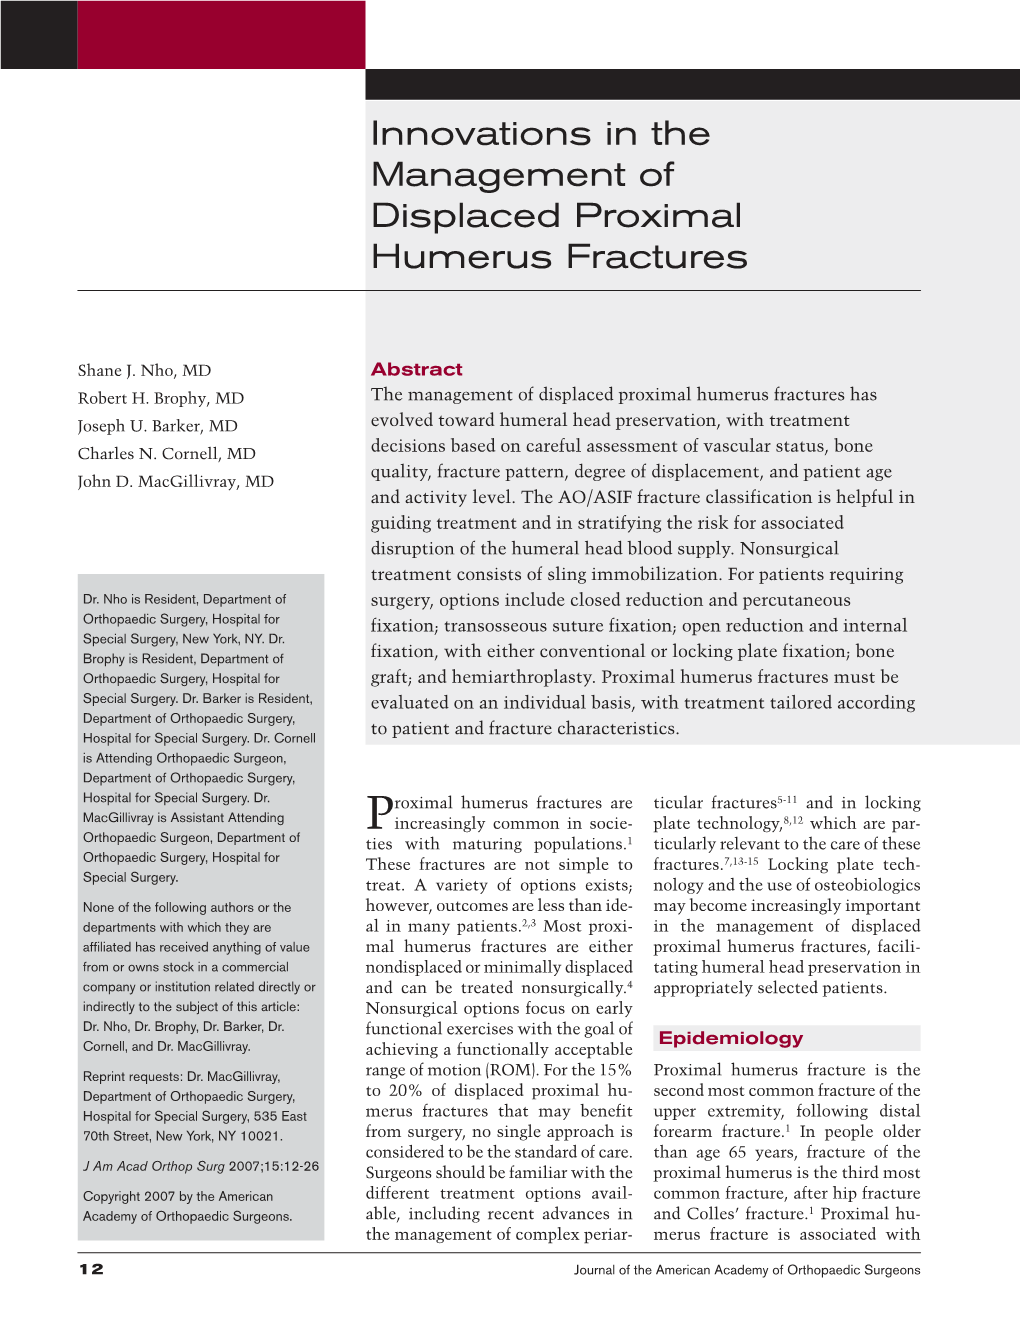 Innovations in the Management of Displaced Proximal Humerus Fractures
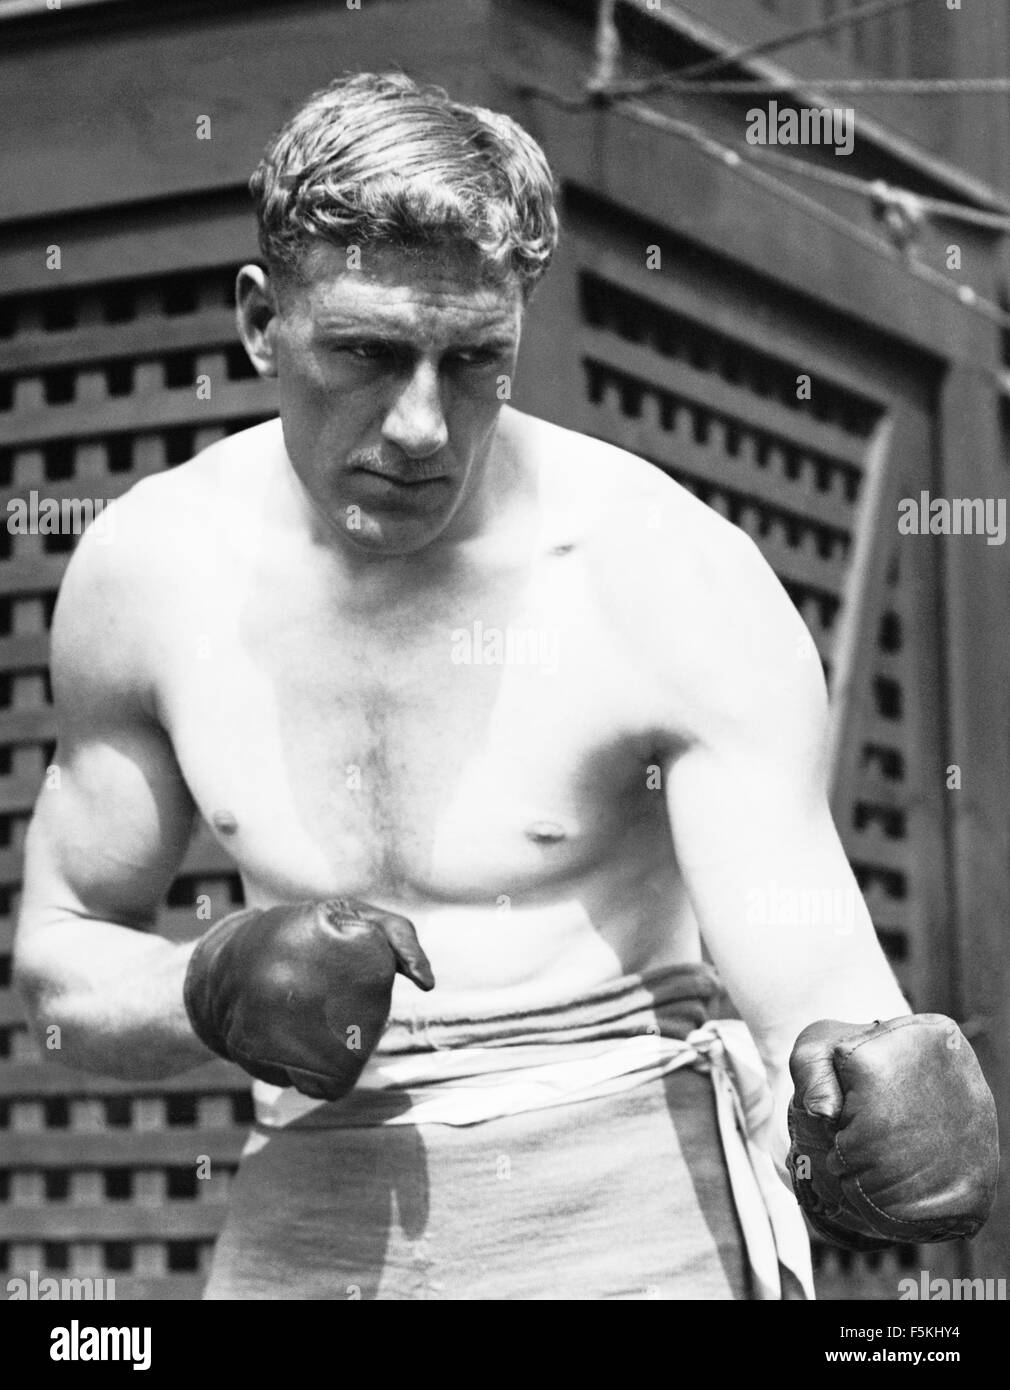 Vintage photo of English heavyweight boxer Bombardier Billy Wells (1889 - 1967). Wells, from the East End of London, was British and British Empire Heavyweight Champion from 1911 to 1919. He was also famous for being an early Rank 'gongman' - the person seen striking the large gong at the beginning of Rank Organisation films. Stock Photo
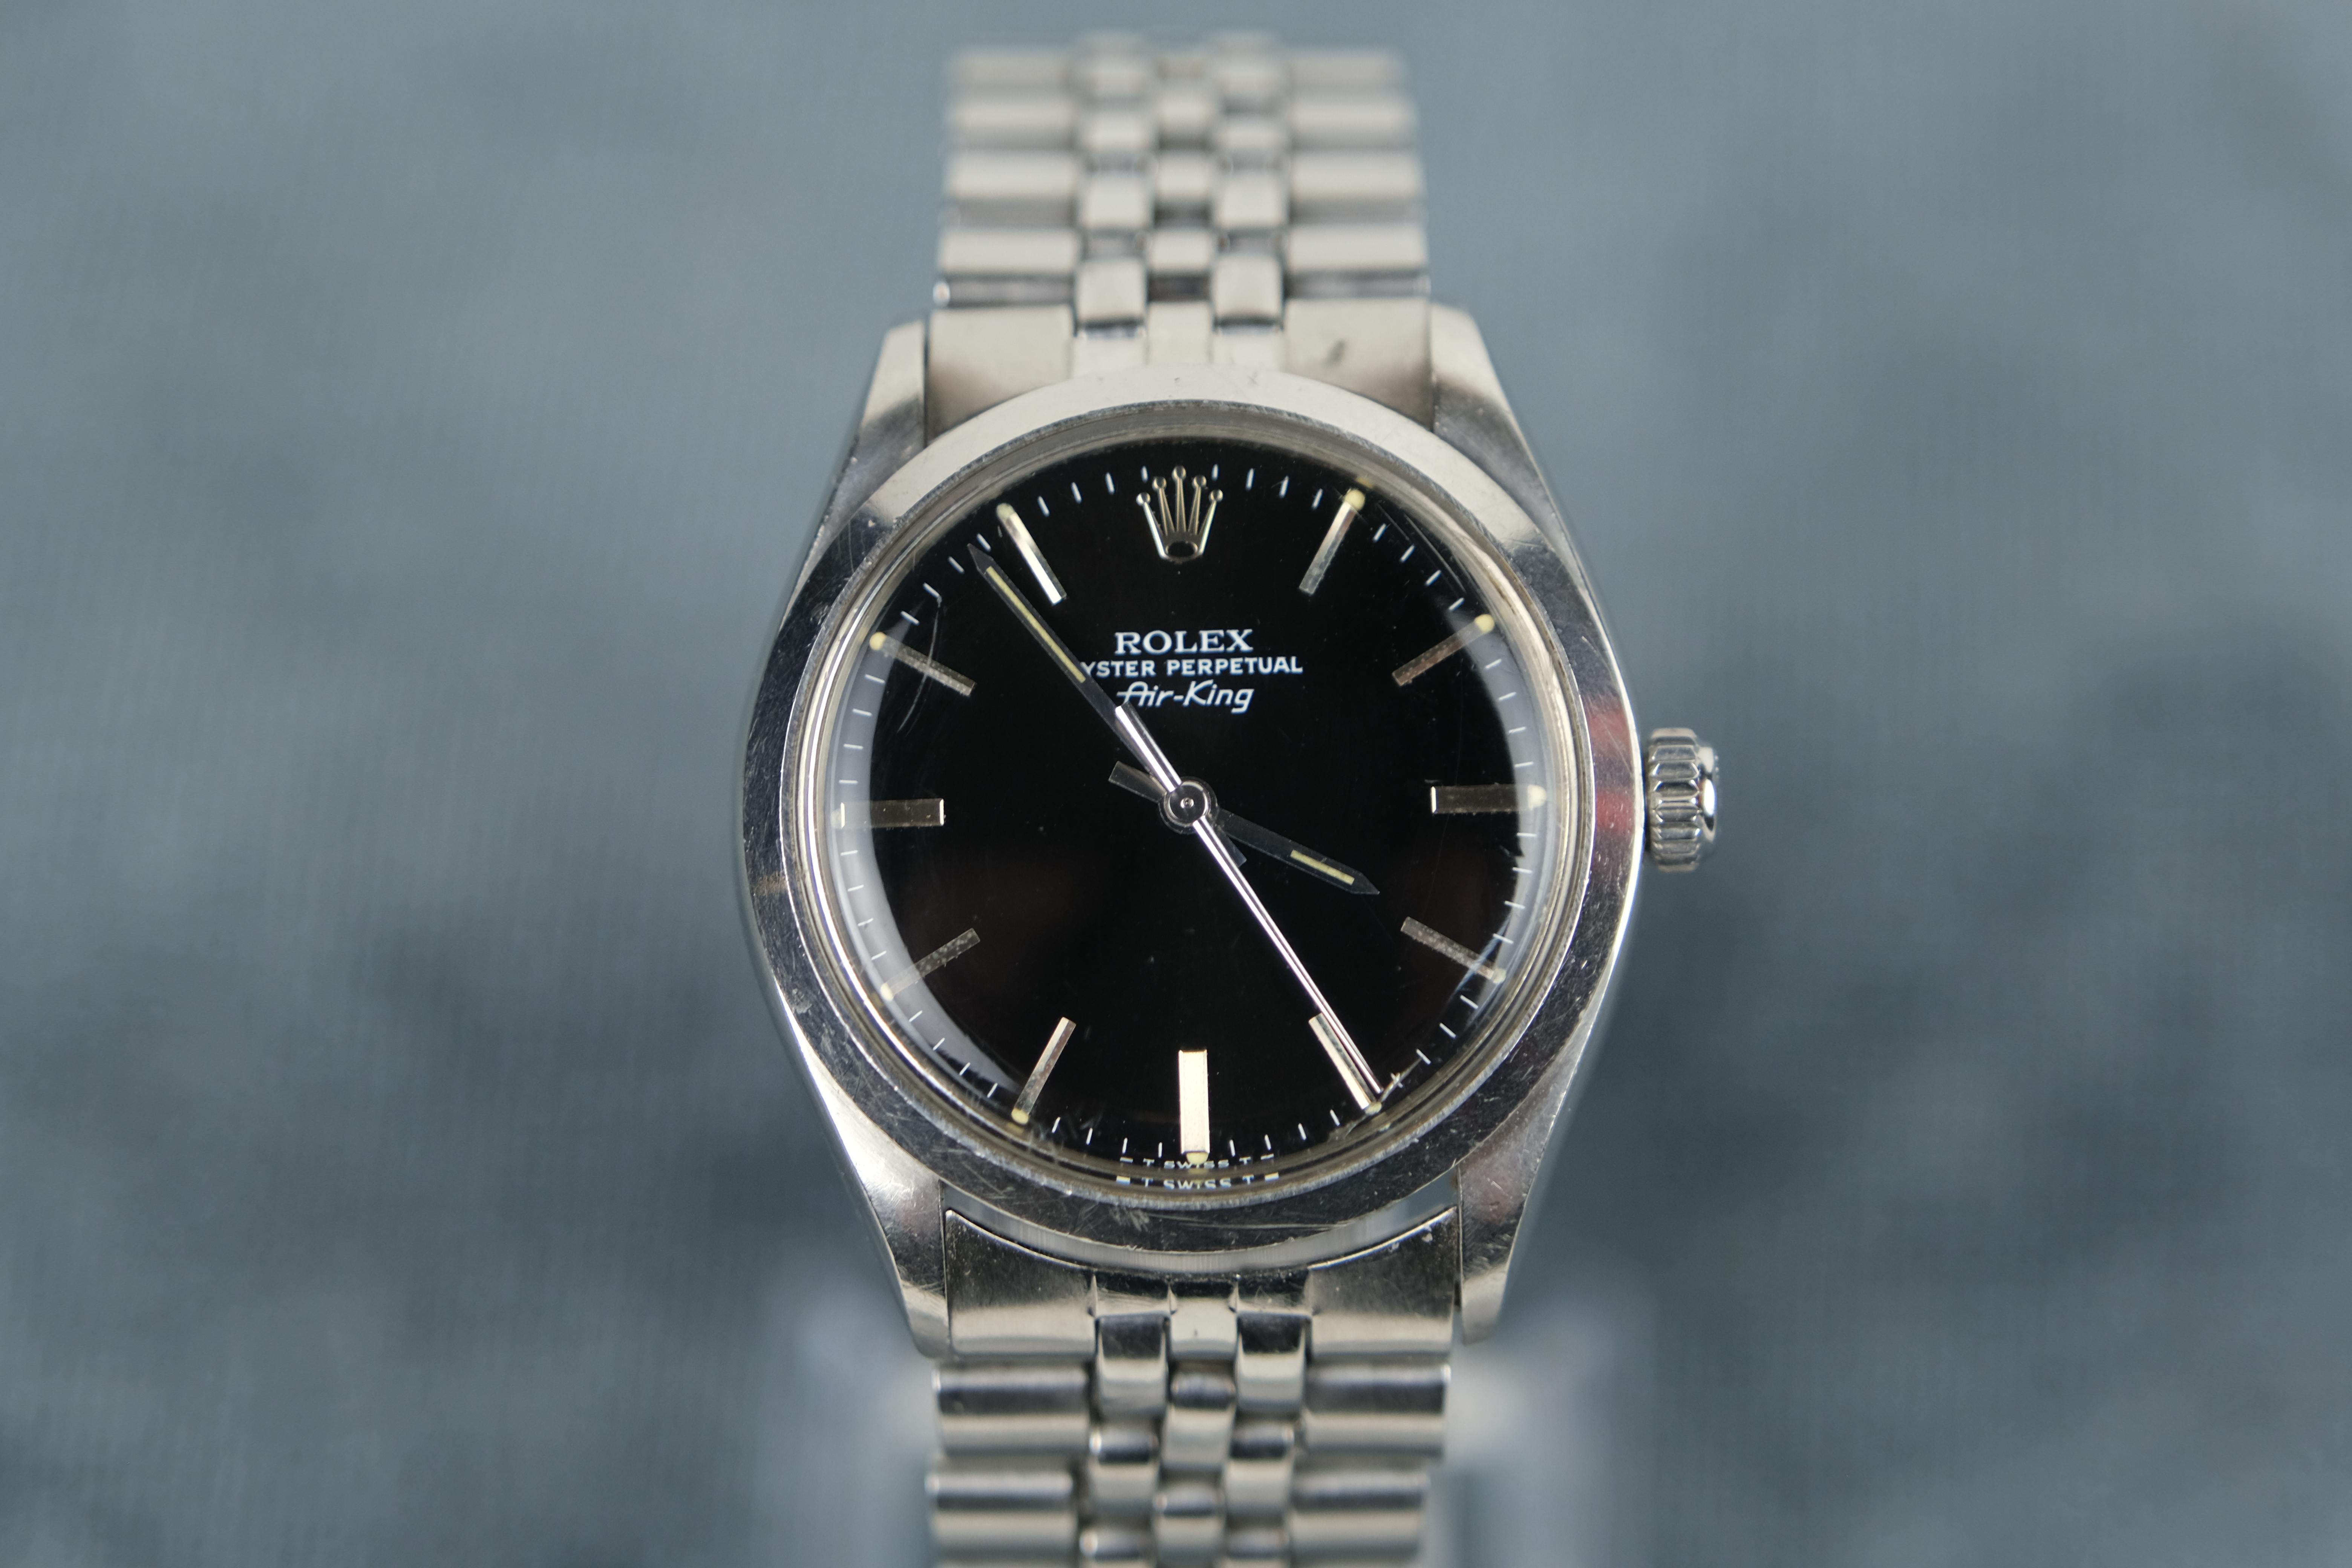 Vintage 1978 Rolex Air King Stainless Automatic

There is no doubting Rolex's position in the world of watchmaking or in modern culture for that matter.

If Rolex watches were cars, they would be Porsches. Porsches are perhaps not as flashy as

────────────────

• **Work instructions**
Find the line containing "There is no" in the material above. Print it and every line after it through the end, exactly and only those.

• **Result of the exercise**
There is no doubting Rolex's position in the world of watchmaking or in modern culture for that matter.

If Rolex watches were cars, they would be Porsches. Porsches are perhaps not as flashy as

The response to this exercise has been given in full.